= Dataset excerpt =

· · · ·

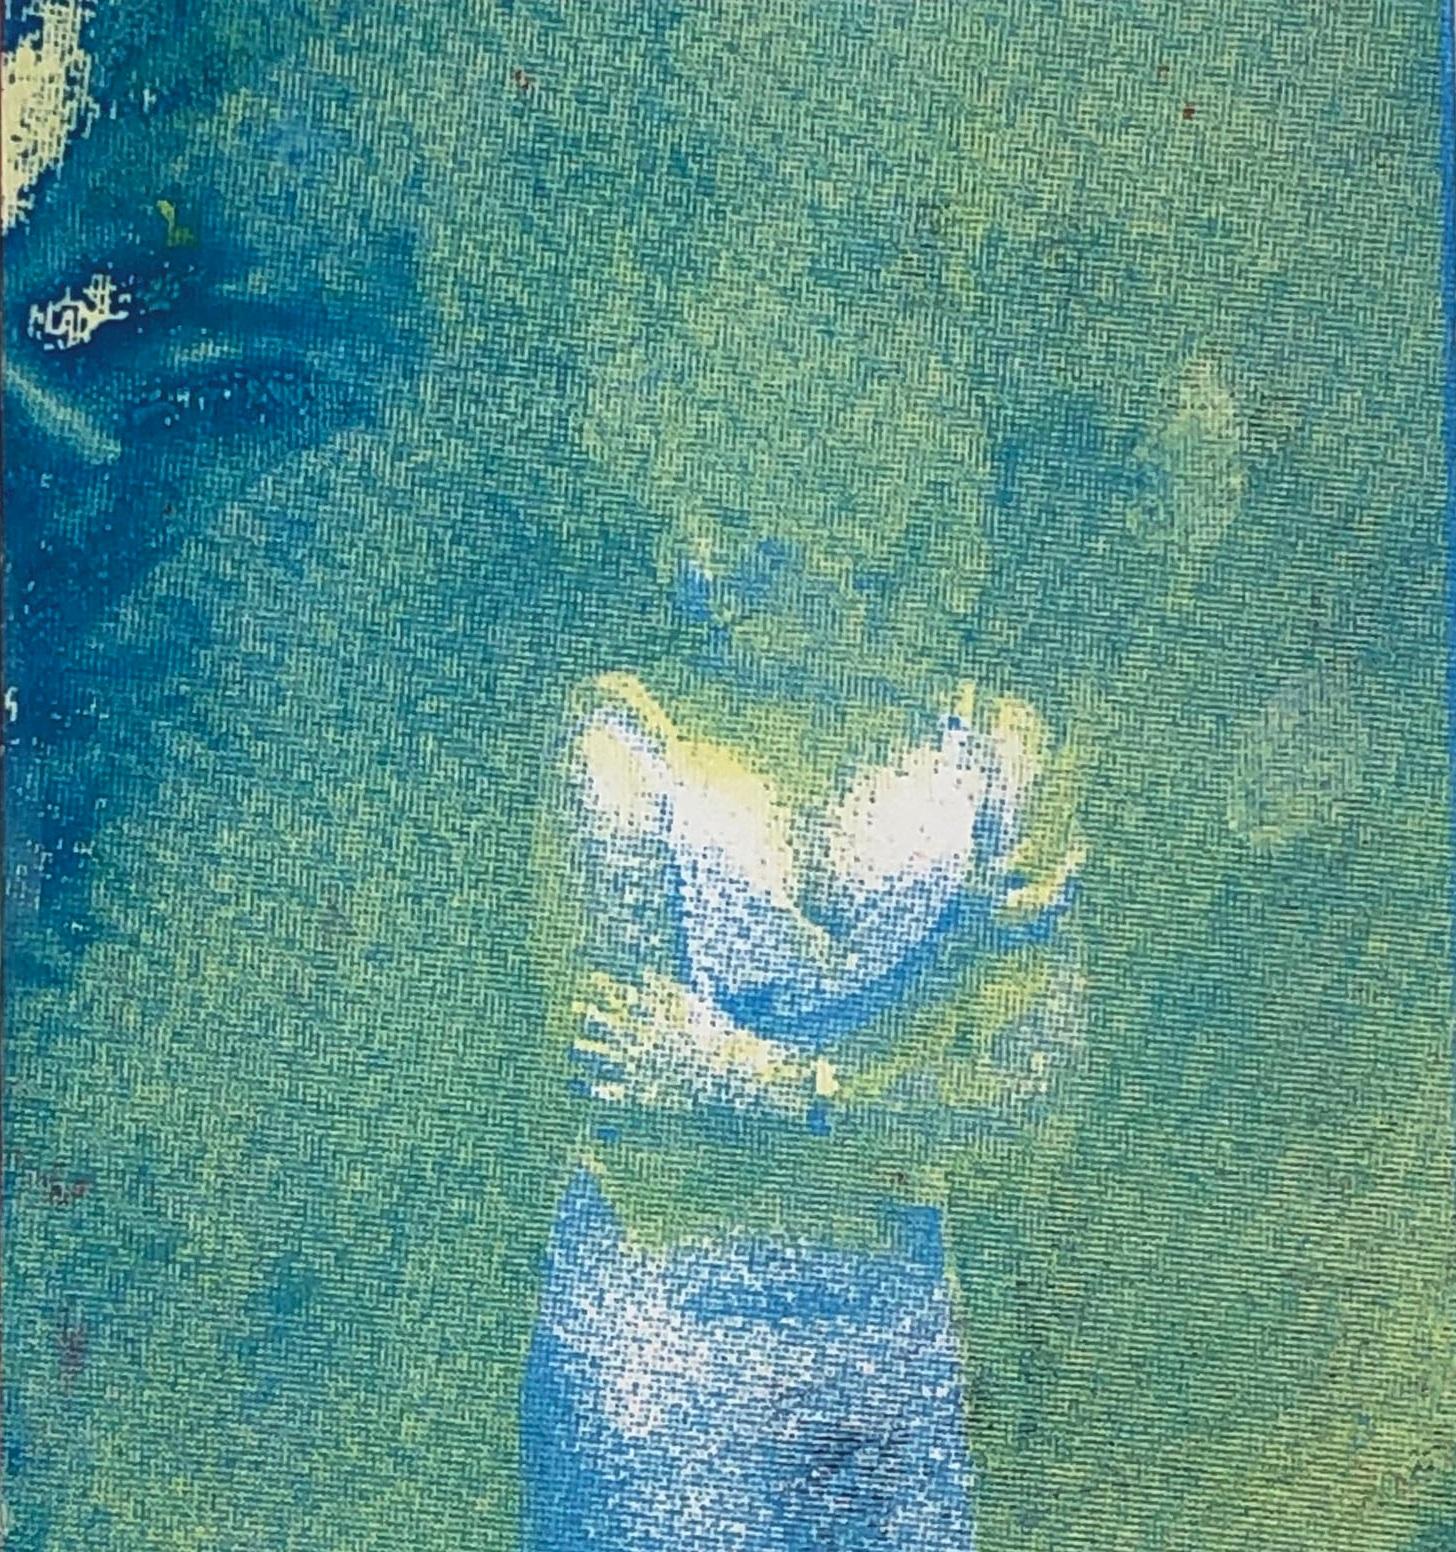 Diana Vasquez Becerra, Goosebumps, Screenprint on Paper, 5 x 4.5 in., $20 (1).jpg
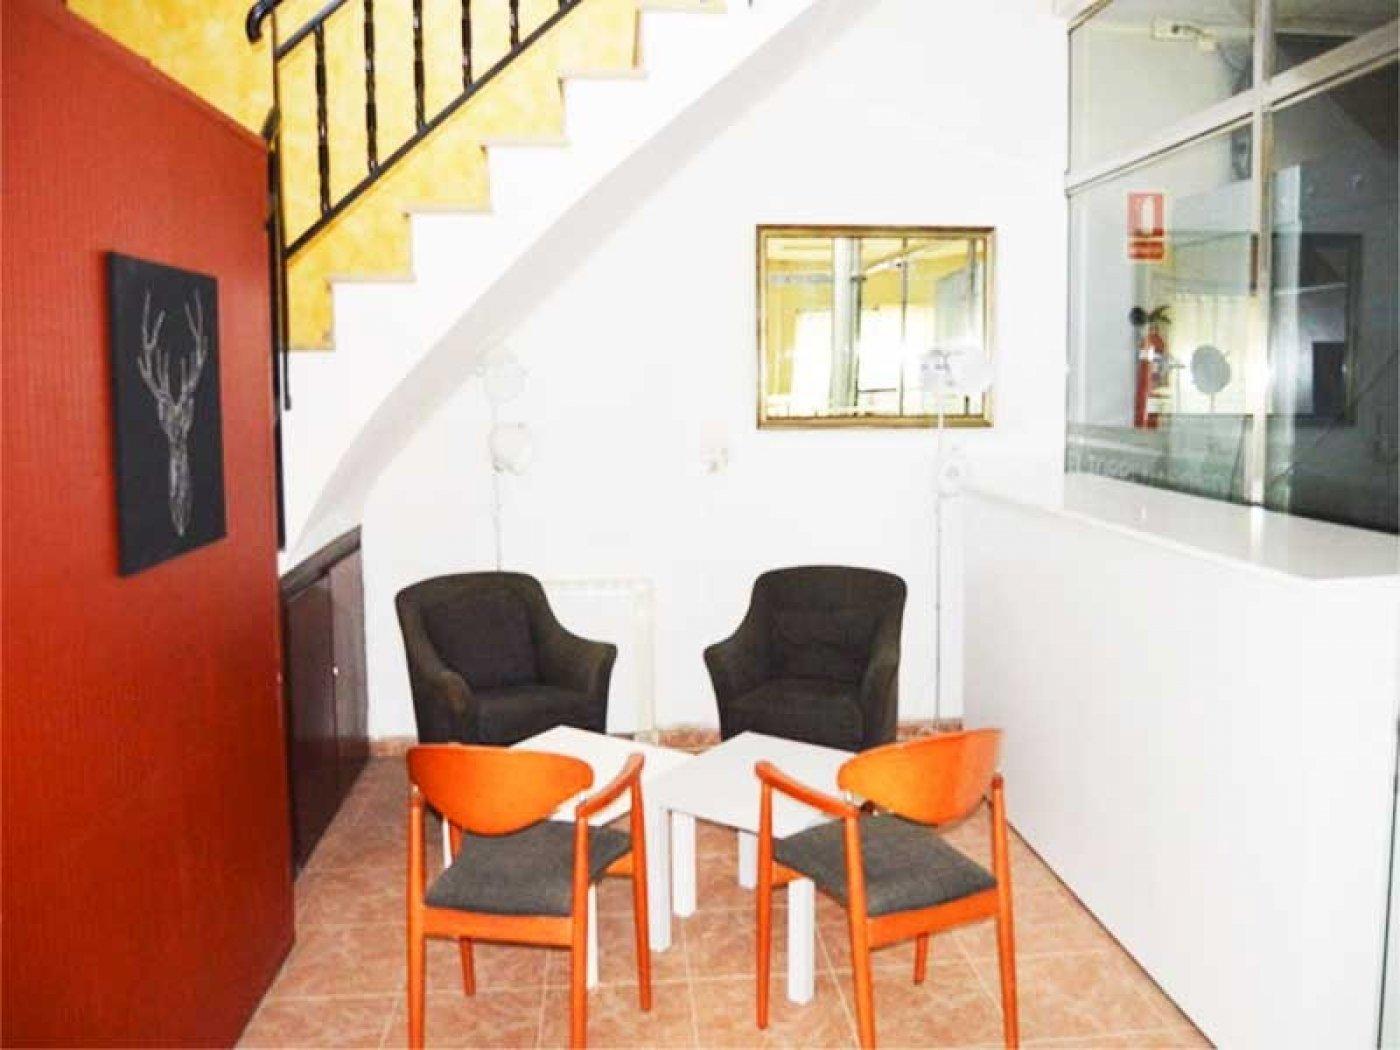 Nave restaurante en polígono cerca de sant sadurní d´anoia - imagenInmueble17
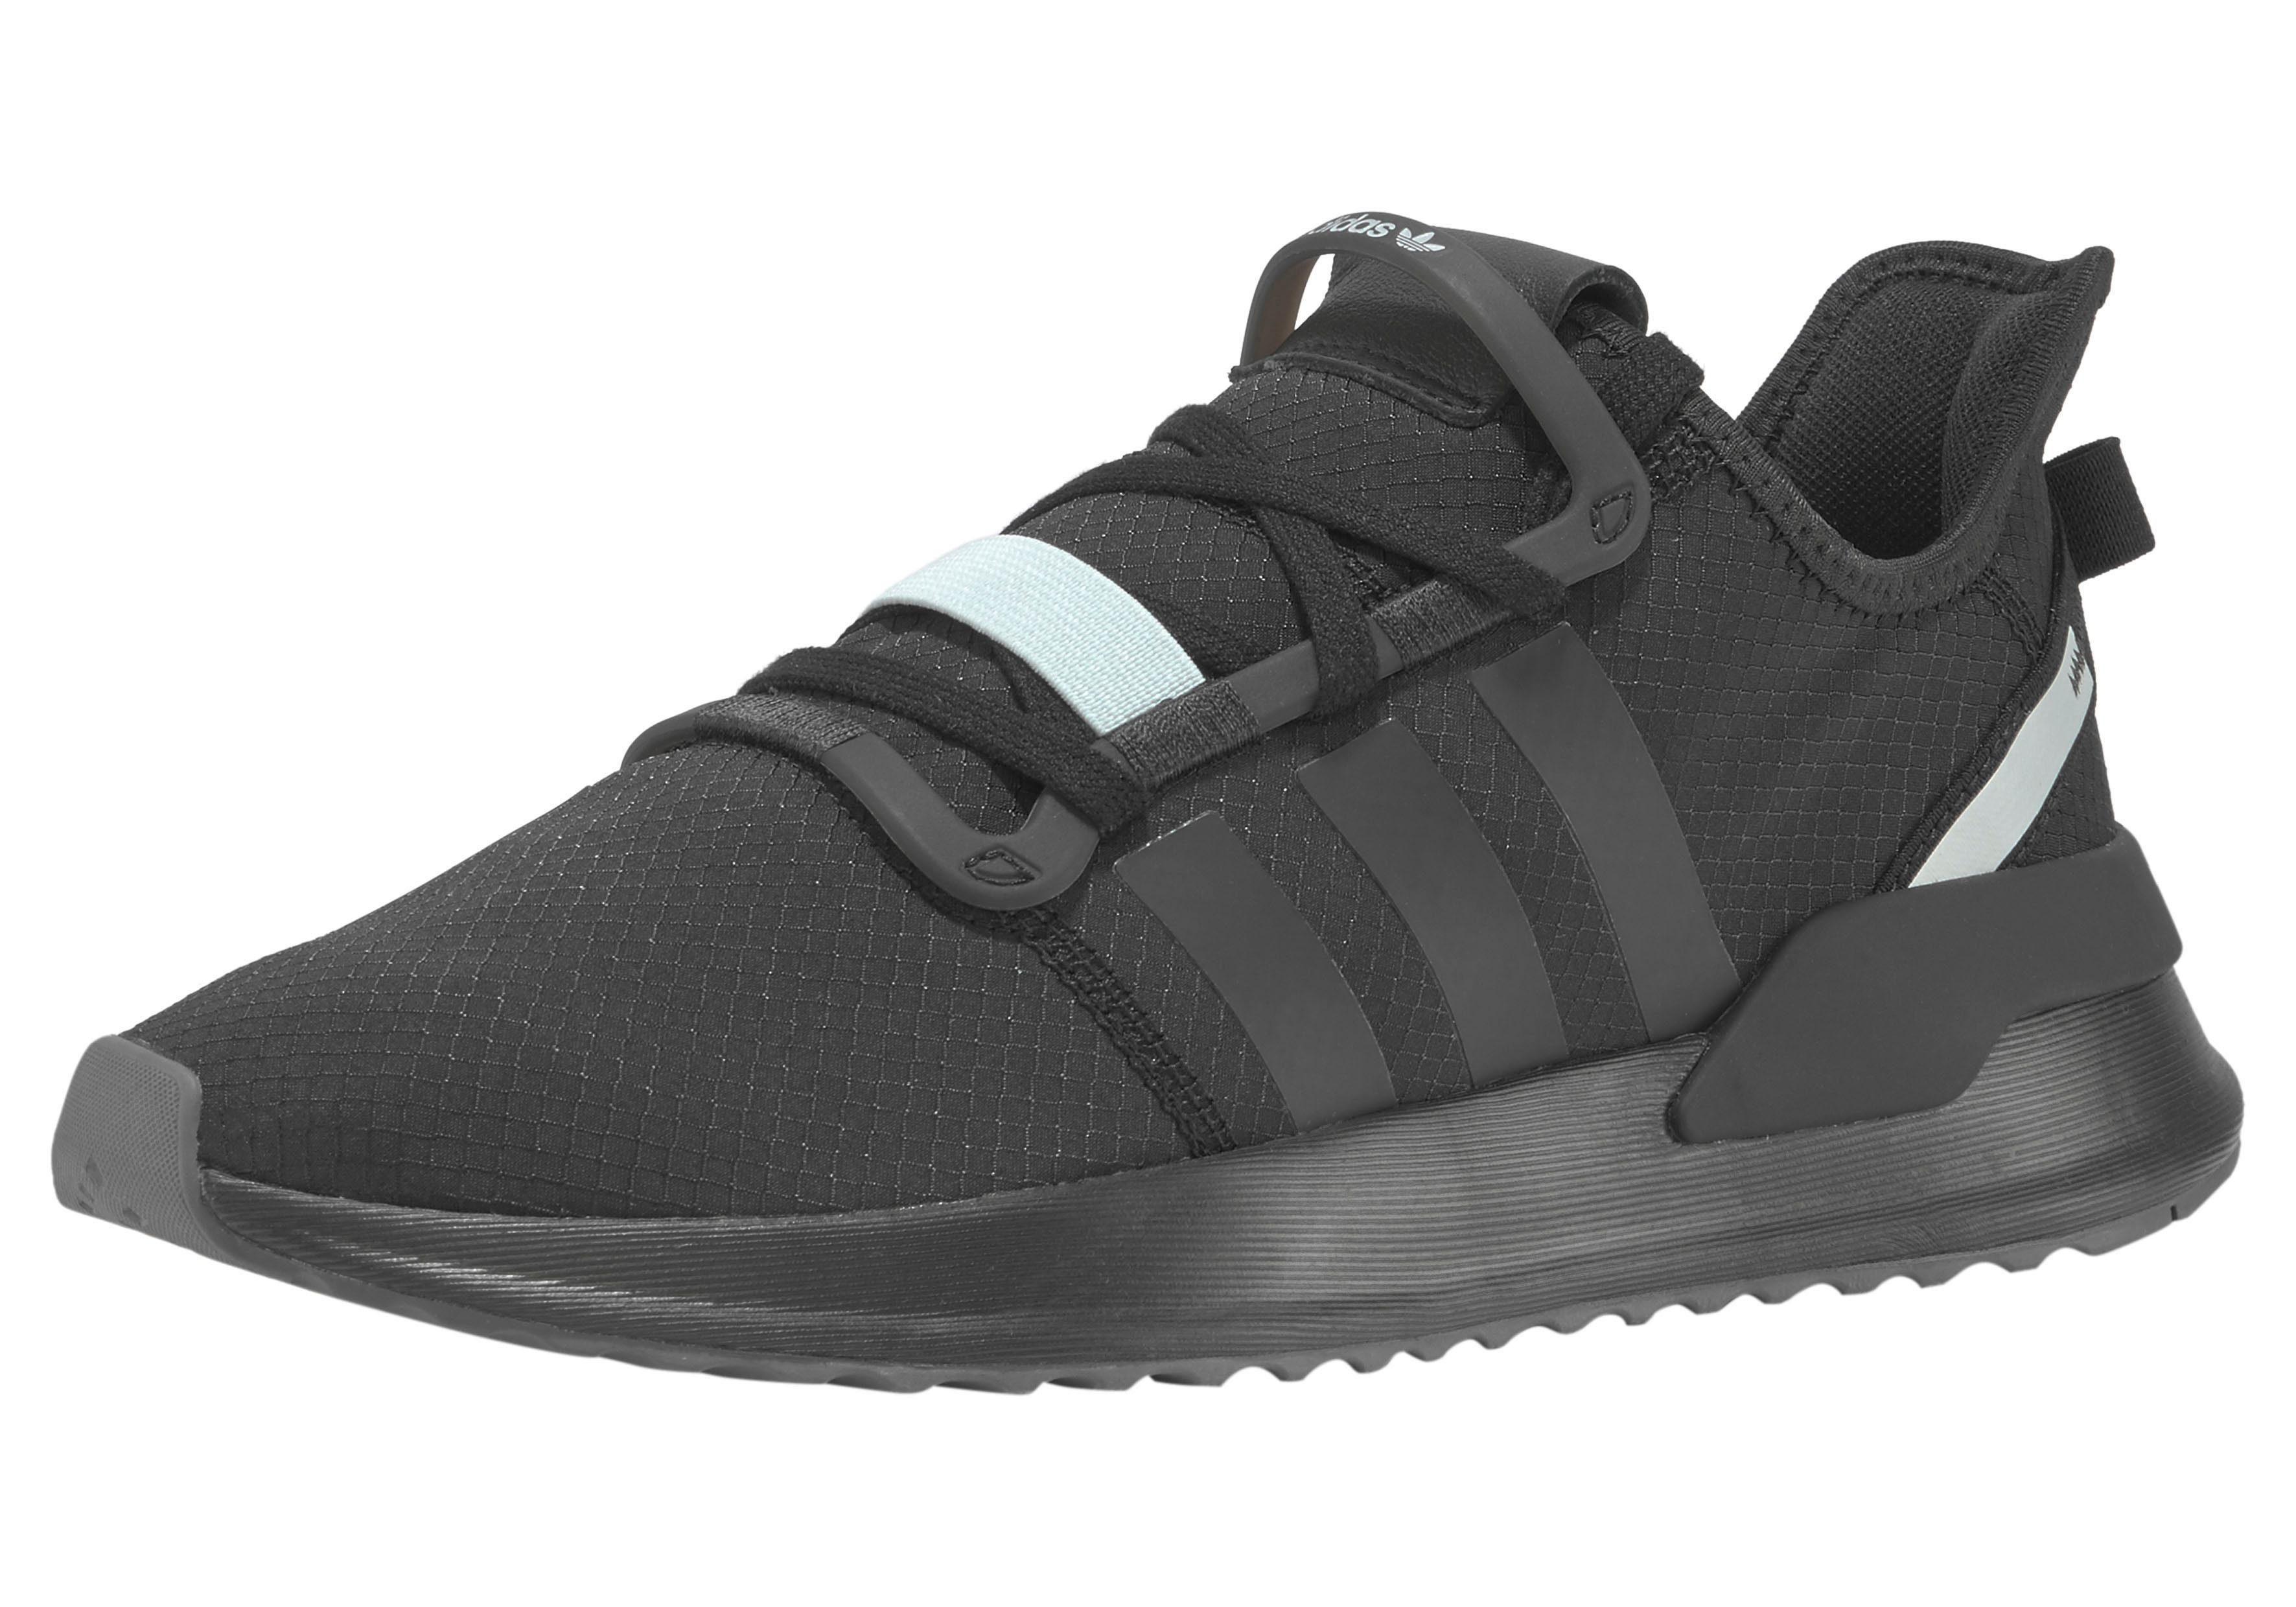 adidas Originals »U_PATH RUN« Sneaker, Sportlicher Sneaker von adidas Originals online kaufen   OTTO

· · · ·

= Requirement =
Return the data exactly. Do not carry over any images.

= Response for this exercise =
 Diana Vasquez Becerra, Goosebumps, Screenprint on Paper, 5 x 4.5 in., $20 (1).jpg
 Nave restaurante en polígono cerca de sant sadurní d´anoia - imagenInmueble17
 adidas Originals »U_PATH RUN« Sneaker, Sportlicher Sneaker von adidas Originals online kaufen   OTTO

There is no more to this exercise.